> **Dataset content**:

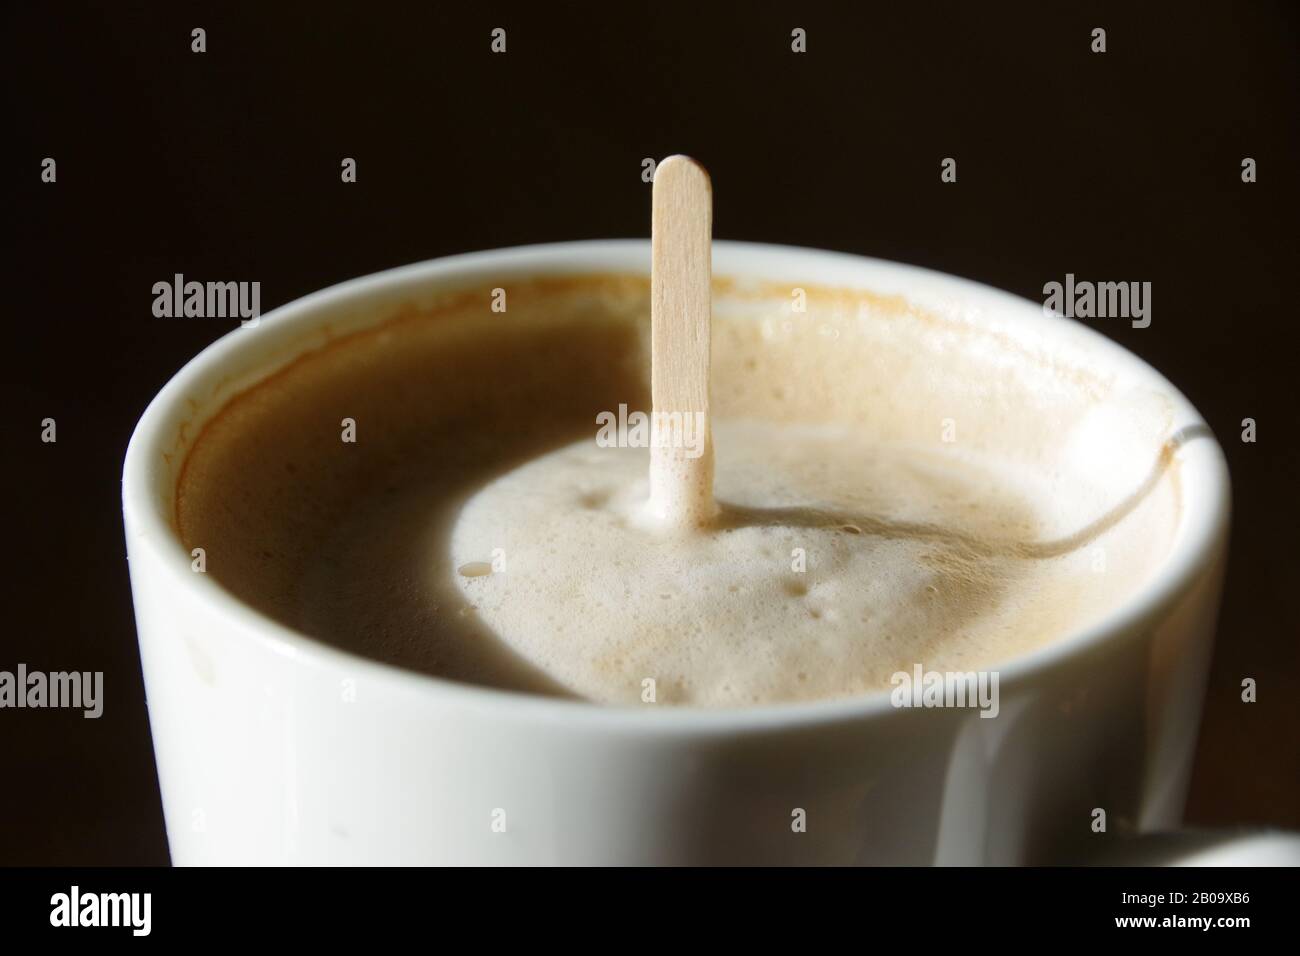 Creamy coffee, with stirring stick standing up in it Stock Photo
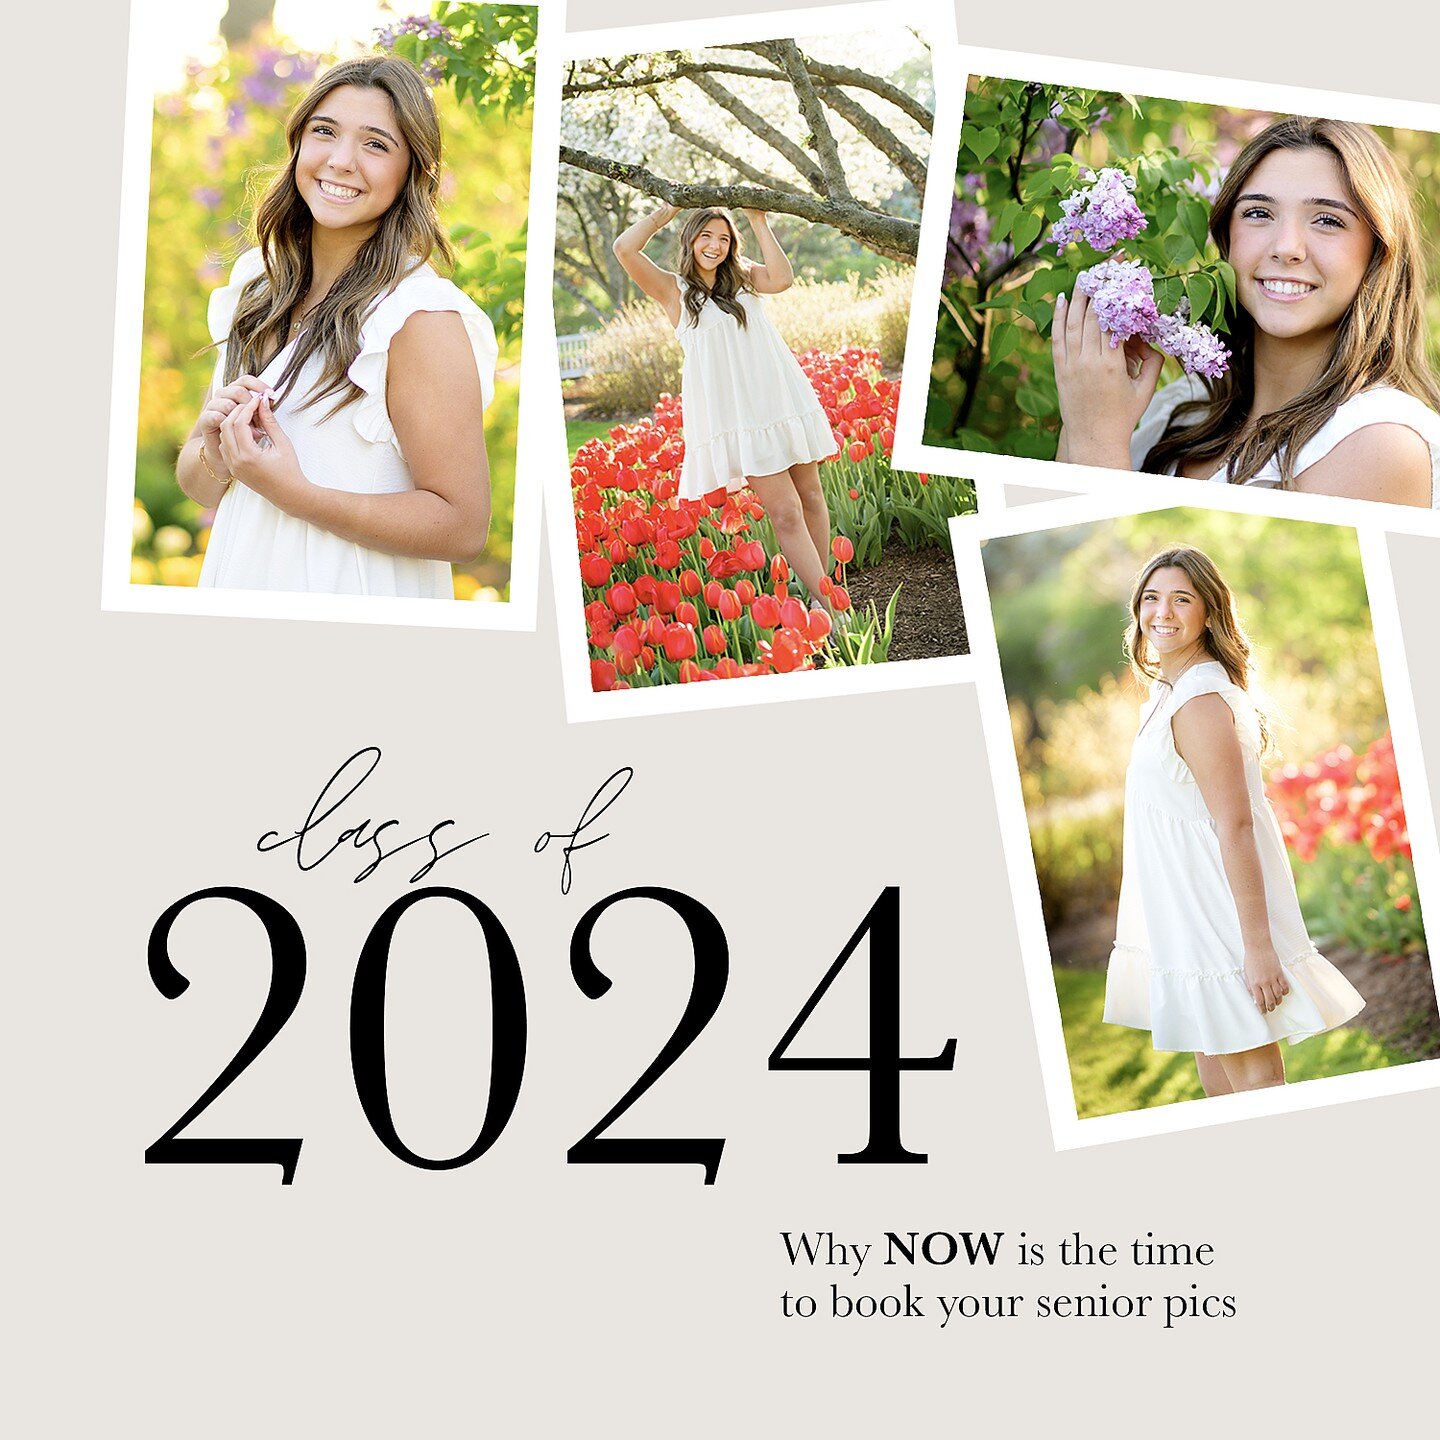 Class of 2024: Why NOW is the time to book your senior pics

In order to make sure you have your senior pictures ready for your grad card orders, grad party, and senior slide shows, let&rsquo;s find out how far in advance you&rsquo;ll want to have yo

> **Requirement**:
The pictures should not be reproduced; quote all of the other material exactly.

> **Output of the exercise**:
 Creamy coffee, with stirring stick standing up in it Stock Photo
 Class of 2024: Why NOW is the time to book your senior pics

In order to make sure you have your senior pictures ready for your grad card orders, grad party, and senior slide shows, let&rsquo;s find out how far in advance you&rsquo;ll want to have yo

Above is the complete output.